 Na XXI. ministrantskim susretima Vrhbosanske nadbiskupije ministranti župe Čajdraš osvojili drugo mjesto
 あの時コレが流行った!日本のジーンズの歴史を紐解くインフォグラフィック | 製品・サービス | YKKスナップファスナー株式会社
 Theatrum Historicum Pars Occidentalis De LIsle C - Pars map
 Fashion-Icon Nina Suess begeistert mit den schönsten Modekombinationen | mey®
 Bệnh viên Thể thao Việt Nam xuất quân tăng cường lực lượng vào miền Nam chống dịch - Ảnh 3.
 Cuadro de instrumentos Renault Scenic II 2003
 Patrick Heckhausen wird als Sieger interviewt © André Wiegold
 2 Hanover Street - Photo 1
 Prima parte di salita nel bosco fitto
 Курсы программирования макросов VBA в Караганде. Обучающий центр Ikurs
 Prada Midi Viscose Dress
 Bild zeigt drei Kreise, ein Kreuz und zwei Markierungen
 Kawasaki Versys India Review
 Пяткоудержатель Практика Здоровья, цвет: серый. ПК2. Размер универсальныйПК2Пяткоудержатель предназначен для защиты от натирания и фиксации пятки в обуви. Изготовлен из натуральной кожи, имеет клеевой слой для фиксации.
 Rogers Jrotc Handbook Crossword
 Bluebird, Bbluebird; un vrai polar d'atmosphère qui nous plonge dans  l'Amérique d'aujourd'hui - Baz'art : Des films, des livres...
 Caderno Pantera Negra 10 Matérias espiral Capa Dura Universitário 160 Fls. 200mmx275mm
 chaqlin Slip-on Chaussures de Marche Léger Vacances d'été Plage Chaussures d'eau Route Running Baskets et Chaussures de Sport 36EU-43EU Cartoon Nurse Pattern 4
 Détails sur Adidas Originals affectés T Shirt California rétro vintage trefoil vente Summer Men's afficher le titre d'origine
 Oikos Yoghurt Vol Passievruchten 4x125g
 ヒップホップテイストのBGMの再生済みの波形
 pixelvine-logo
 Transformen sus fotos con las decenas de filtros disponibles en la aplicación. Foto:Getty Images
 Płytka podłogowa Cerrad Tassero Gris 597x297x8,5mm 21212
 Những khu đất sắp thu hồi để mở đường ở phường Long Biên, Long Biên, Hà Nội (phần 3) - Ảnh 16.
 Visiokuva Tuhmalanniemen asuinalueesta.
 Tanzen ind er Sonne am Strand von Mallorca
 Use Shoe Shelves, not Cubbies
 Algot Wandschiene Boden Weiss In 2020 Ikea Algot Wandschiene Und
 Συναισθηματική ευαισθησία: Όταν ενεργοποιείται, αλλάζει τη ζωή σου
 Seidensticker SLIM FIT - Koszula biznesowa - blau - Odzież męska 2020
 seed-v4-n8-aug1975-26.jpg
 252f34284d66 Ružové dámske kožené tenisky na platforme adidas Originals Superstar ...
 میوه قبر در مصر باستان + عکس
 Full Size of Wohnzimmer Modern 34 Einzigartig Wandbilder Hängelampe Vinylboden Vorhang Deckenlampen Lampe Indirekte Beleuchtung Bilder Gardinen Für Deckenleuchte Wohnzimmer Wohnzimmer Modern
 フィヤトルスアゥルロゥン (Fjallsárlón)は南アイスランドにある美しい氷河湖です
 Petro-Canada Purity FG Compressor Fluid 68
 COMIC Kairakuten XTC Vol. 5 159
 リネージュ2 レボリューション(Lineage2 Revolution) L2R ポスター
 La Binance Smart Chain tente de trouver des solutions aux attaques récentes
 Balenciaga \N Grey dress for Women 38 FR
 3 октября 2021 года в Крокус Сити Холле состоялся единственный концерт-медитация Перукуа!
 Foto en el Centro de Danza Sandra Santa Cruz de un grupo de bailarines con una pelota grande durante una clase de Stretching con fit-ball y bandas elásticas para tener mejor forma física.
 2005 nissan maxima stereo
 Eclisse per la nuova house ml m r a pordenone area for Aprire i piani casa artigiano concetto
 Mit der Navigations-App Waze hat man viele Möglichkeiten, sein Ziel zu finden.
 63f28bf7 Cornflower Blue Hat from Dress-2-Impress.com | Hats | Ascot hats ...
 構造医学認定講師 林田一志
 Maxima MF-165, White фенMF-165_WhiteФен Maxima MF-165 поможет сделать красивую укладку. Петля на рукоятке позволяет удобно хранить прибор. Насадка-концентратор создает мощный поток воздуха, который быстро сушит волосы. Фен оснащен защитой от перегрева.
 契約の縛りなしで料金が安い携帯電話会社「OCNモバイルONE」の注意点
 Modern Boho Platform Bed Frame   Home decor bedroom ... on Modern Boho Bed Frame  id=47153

####################

WHAT TO WORK ON: Exact copies of all the records are to be printed.

WRITTEN RESPONSE:
 Na XXI. ministrantskim susretima Vrhbosanske nadbiskupije ministranti župe Čajdraš osvojili drugo mjesto
 あの時コレが流行った!日本のジーンズの歴史を紐解くインフォグラフィック | 製品・サービス | YKKスナップファスナー株式会社
 Theatrum Historicum Pars Occidentalis De LIsle C - Pars map
 Fashion-Icon Nina Suess begeistert mit den schönsten Modekombinationen | mey®
 Bệnh viên Thể thao Việt Nam xuất quân tăng cường lực lượng vào miền Nam chống dịch - Ảnh 3.
 Cuadro de instrumentos Renault Scenic II 2003
 Patrick Heckhausen wird als Sieger interviewt © André Wiegold
 2 Hanover Street - Photo 1
 Prima parte di salita nel bosco fitto
 Курсы программирования макросов VBA в Караганде. Обучающий центр Ikurs
 Prada Midi Viscose Dress
 Bild zeigt drei Kreise, ein Kreuz und zwei Markierungen
 Kawasaki Versys India Review
 Пяткоудержатель Практика Здоровья, цвет: серый. ПК2. Размер универсальныйПК2Пяткоудержатель предназначен для защиты от натирания и фиксации пятки в обуви. Изготовлен из натуральной кожи, имеет клеевой слой для фиксации.
 Rogers Jrotc Handbook Crossword
 Bluebird, Bbluebird; un vrai polar d'atmosphère qui nous plonge dans  l'Amérique d'aujourd'hui - Baz'art : Des films, des livres...
 Caderno Pantera Negra 10 Matérias espiral Capa Dura Universitário 160 Fls. 200mmx275mm
 chaqlin Slip-on Chaussures de Marche Léger Vacances d'été Plage Chaussures d'eau Route Running Baskets et Chaussures de Sport 36EU-43EU Cartoon Nurse Pattern 4
 Détails sur Adidas Originals affectés T Shirt California rétro vintage trefoil vente Summer Men's afficher le titre d'origine
 Oikos Yoghurt Vol Passievruchten 4x125g
 ヒップホップテイストのBGMの再生済みの波形
 pixelvine-logo
 Transformen sus fotos con las decenas de filtros disponibles en la aplicación. Foto:Getty Images
 Płytka podłogowa Cerrad Tassero Gris 597x297x8,5mm 21212
 Những khu đất sắp thu hồi để mở đường ở phường Long Biên, Long Biên, Hà Nội (phần 3) - Ảnh 16.
 Visiokuva Tuhmalanniemen asuinalueesta.
 Tanzen ind er Sonne am Strand von Mallorca
 Use Shoe Shelves, not Cubbies
 Algot Wandschiene Boden Weiss In 2020 Ikea Algot Wandschiene Und
 Συναισθηματική ευαισθησία: Όταν ενεργοποιείται, αλλάζει τη ζωή σου
 Seidensticker SLIM FIT - Koszula biznesowa - blau - Odzież męska 2020
 seed-v4-n8-aug1975-26.jpg
 252f34284d66 Ružové dámske kožené tenisky na platforme adidas Originals Superstar ...
 میوه قبر در مصر باستان + عکس
 Full Size of Wohnzimmer Modern 34 Einzigartig Wandbilder Hängelampe Vinylboden Vorhang Deckenlampen Lampe Indirekte Beleuchtung Bilder Gardinen Für Deckenleuchte Wohnzimmer Wohnzimmer Modern
 フィヤトルスアゥルロゥン (Fjallsárlón)は南アイスランドにある美しい氷河湖です
 Petro-Canada Purity FG Compressor Fluid 68
 COMIC Kairakuten XTC Vol. 5 159
 リネージュ2 レボリューション(Lineage2 Revolution) L2R ポスター
 La Binance Smart Chain tente de trouver des solutions aux attaques récentes
 Balenciaga \N Grey dress for Women 38 FR
 3 октября 2021 года в Крокус Сити Холле состоялся единственный концерт-медитация Перукуа!
 Foto en el Centro de Danza Sandra Santa Cruz de un grupo de bailarines con una pelota grande durante una clase de Stretching con fit-ball y bandas elásticas para tener mejor forma física.
 2005 nissan maxima stereo
 Eclisse per la nuova house ml m r a pordenone area for Aprire i piani casa artigiano concetto
 Mit der Navigations-App Waze hat man viele Möglichkeiten, sein Ziel zu finden.
 63f28bf7 Cornflower Blue Hat from Dress-2-Impress.com | Hats | Ascot hats ...
 構造医学認定講師 林田一志
 Maxima MF-165, White фенMF-165_WhiteФен Maxima MF-165 поможет сделать красивую укладку. Петля на рукоятке позволяет удобно хранить прибор. Насадка-концентратор создает мощный поток воздуха, который быстро сушит волосы. Фен оснащен защитой от перегрева.
 契約の縛りなしで料金が安い携帯電話会社「OCNモバイルONE」の注意点
 Modern Boho Platform Bed Frame   Home decor bedroom ... on Modern Boho Bed Frame  id=47153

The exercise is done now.